Simple Deep Learning Benchmark (VGG16)

This mini-benchmark compares the speed of several deep learning frameworks on the VGG-16 network architecture.

Contributions welcome!

Results

The table contains training times in milliseconds per minibatch on the same VGG16 network in different frameworks. (Less is faster). Minibatch size is 16. The time is for a complete SGD step including parameter updates, not just the forward+backward time.

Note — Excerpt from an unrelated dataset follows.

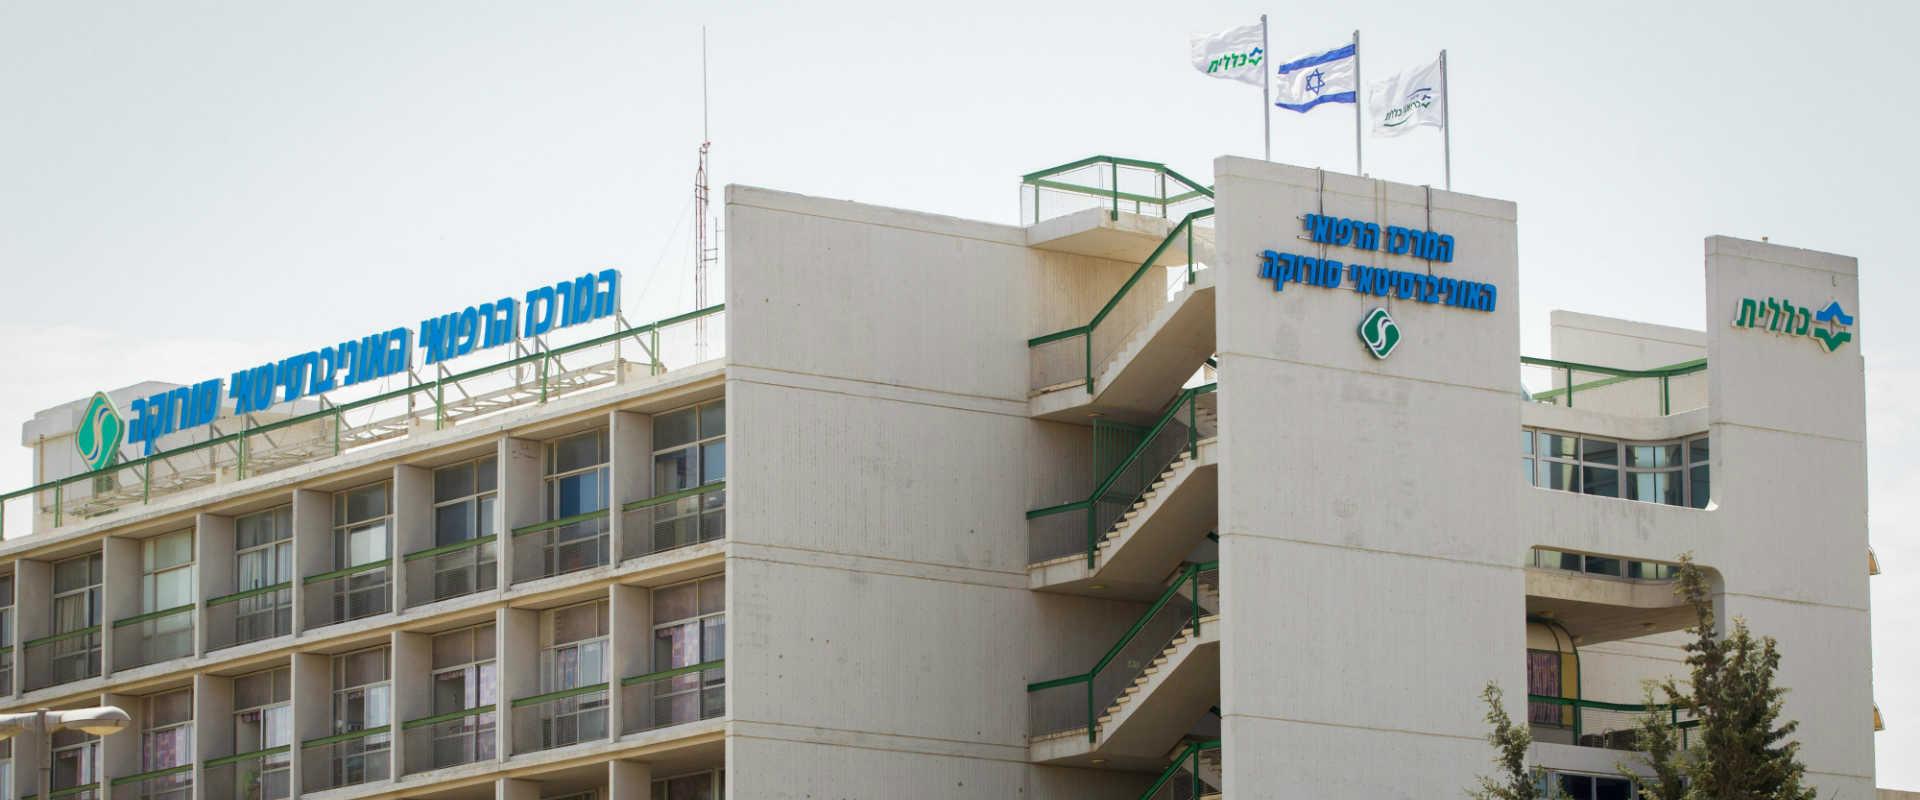 בית החולים סורוקה בבאר שבע

Framework V100 GTX 1080 Maxwell Titan X K80 K520
MXNet 81.22 N/A 324.63 1247.47 OOM
TensorFlow 88.03 N/A 332.15 1057.28 2290.58
TensorFlow (slim) 176.14 N/A 370.89 1126.70 2488.51
Keras (TensorFlow) 101.82 287.85 359.89 1020.97 OOM
Keras (Theano) N/A 409.95 317.30 1141.79 2445.22
Neon N/A 164.53 207.41 N/A N/A
Caffe N/A 244.44 311.06 787.81 OOM
Torch (1) N/A 232.55 273.54 N/A N/A

N/A - test not ran

OOM - test ran but failed due to running out of memory (on the K520 with only 4GB memory)

(1) The Torch benchmark is from https://github.com/jcjohnson/cnn-benchmarks (it is not included in this repo).

Running

bash run.sh

Note: this will back up and then restore your ~/.keras/keras.json

Caffe should be built inside caffe/ in the current directory (or a symlink).

Neon should be built anywhere and (just for the Neon test) the built Neon virtualenv should be activated.